A Method for Accounting for Test Fixture Compliance when Estimating Proximal Femur Stiffness Journal of Biomechanics. Sep, 2016 | Pubmed ID: 27521186 Fracture testing of cadaveric femora to obtain strength and stiffness information is an active area of research in developing tools for diagnostic prediction of bone strength. These measurements are often used in the estimation and validation of companion finite element models constructed from the femora CT scan data, therefore, the accuracy of the data is of paramount importance.
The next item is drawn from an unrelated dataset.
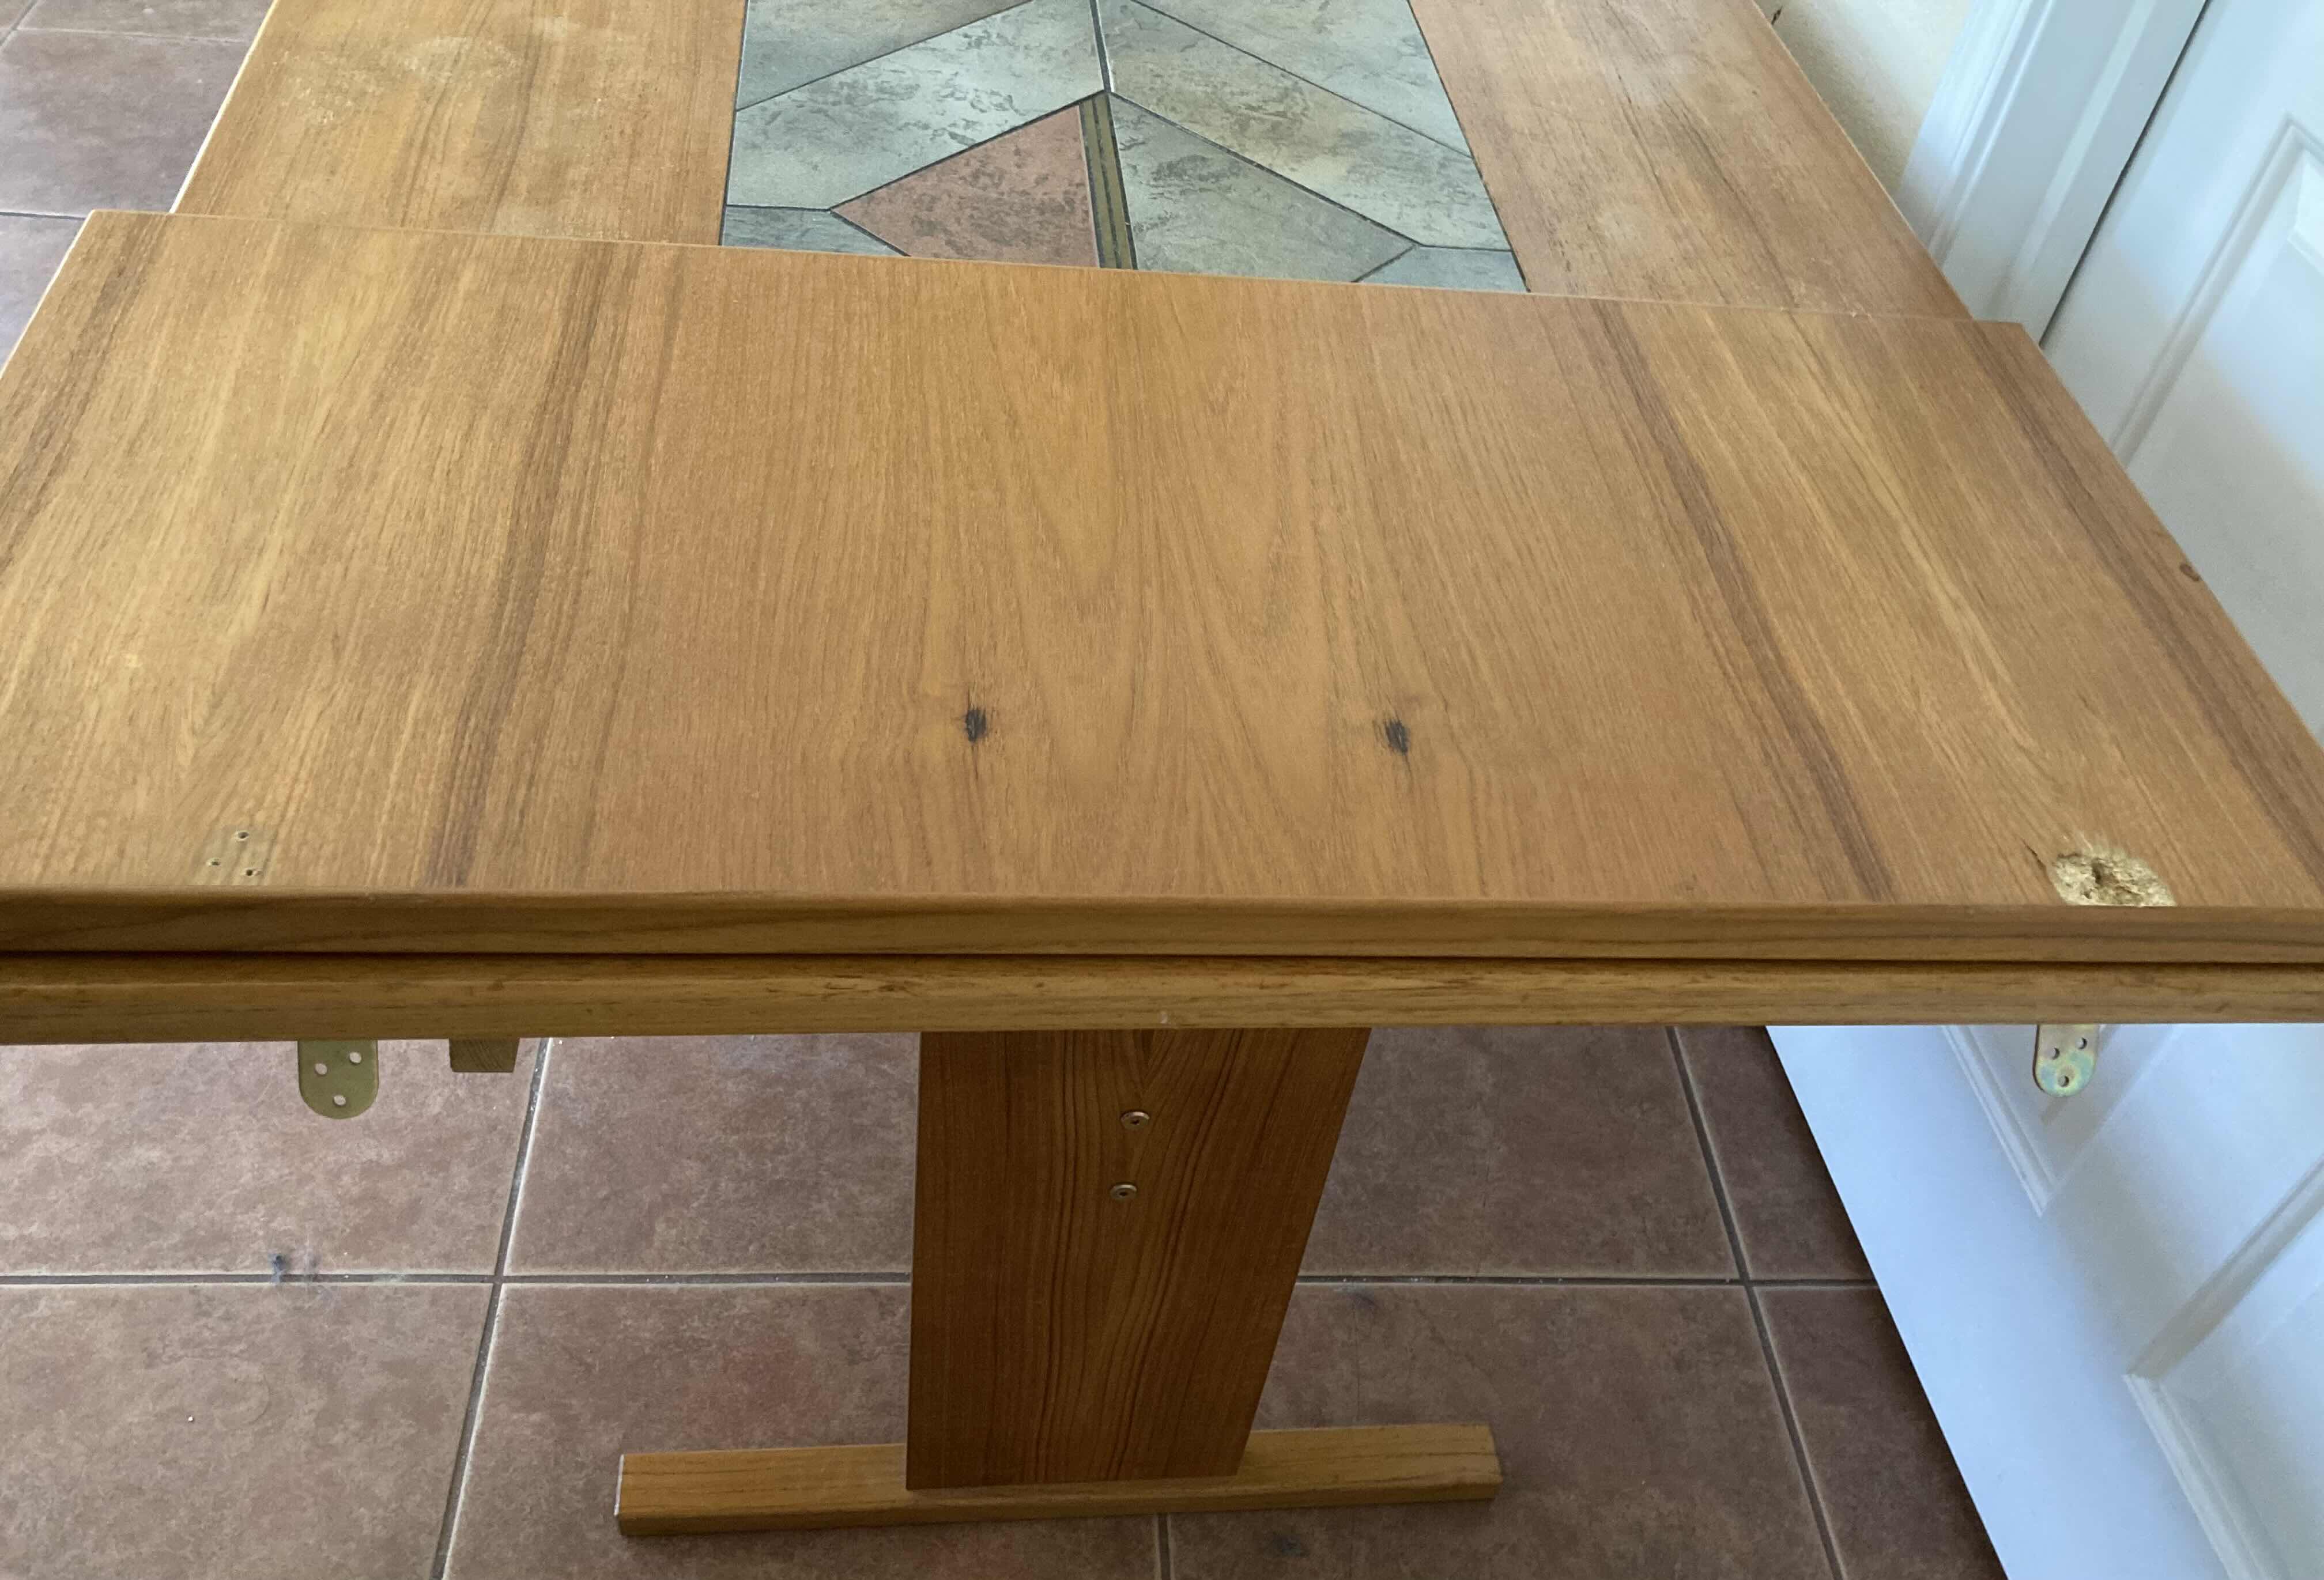 Photo 9 of SOUTHWESTERN STYLE WOOD FINISH DINING TABLE W TILE TOP INLAY 63”-79” X 35.5” H28.5”

However, experimental stiffness calculated from force-displacement data has largely been ignored by most researchers due to inherent error in the differential displacement measurement obtained when not accounting for testing apparatus compliance. However, having such information is necessary for validation of computational models. Even in the few cases when fixture compliance was considered the measurements showed large lab-to-lab variation due to lack of standardization in fixture design. We examined the compliance of our in-house designed cadaveric femur test fixture to determine the errors we could expect when calculating stiffness from the collected experimental force-displacement data and determined the stiffness of the test fixture to be more than 10 times the stiffness of the stiffest femur in a sample of 44 femora. When correcting the apparent femur stiffness derived from the original data, we found that the largest stiffness was underestimated by about 10%. The study confirmed that considering test fixture compliance is a necessary step in improving the accuracy of fracture test data for characterizing femur stiffness, and highlighted the need for test fixture design standardization for proximal femur fracture testing.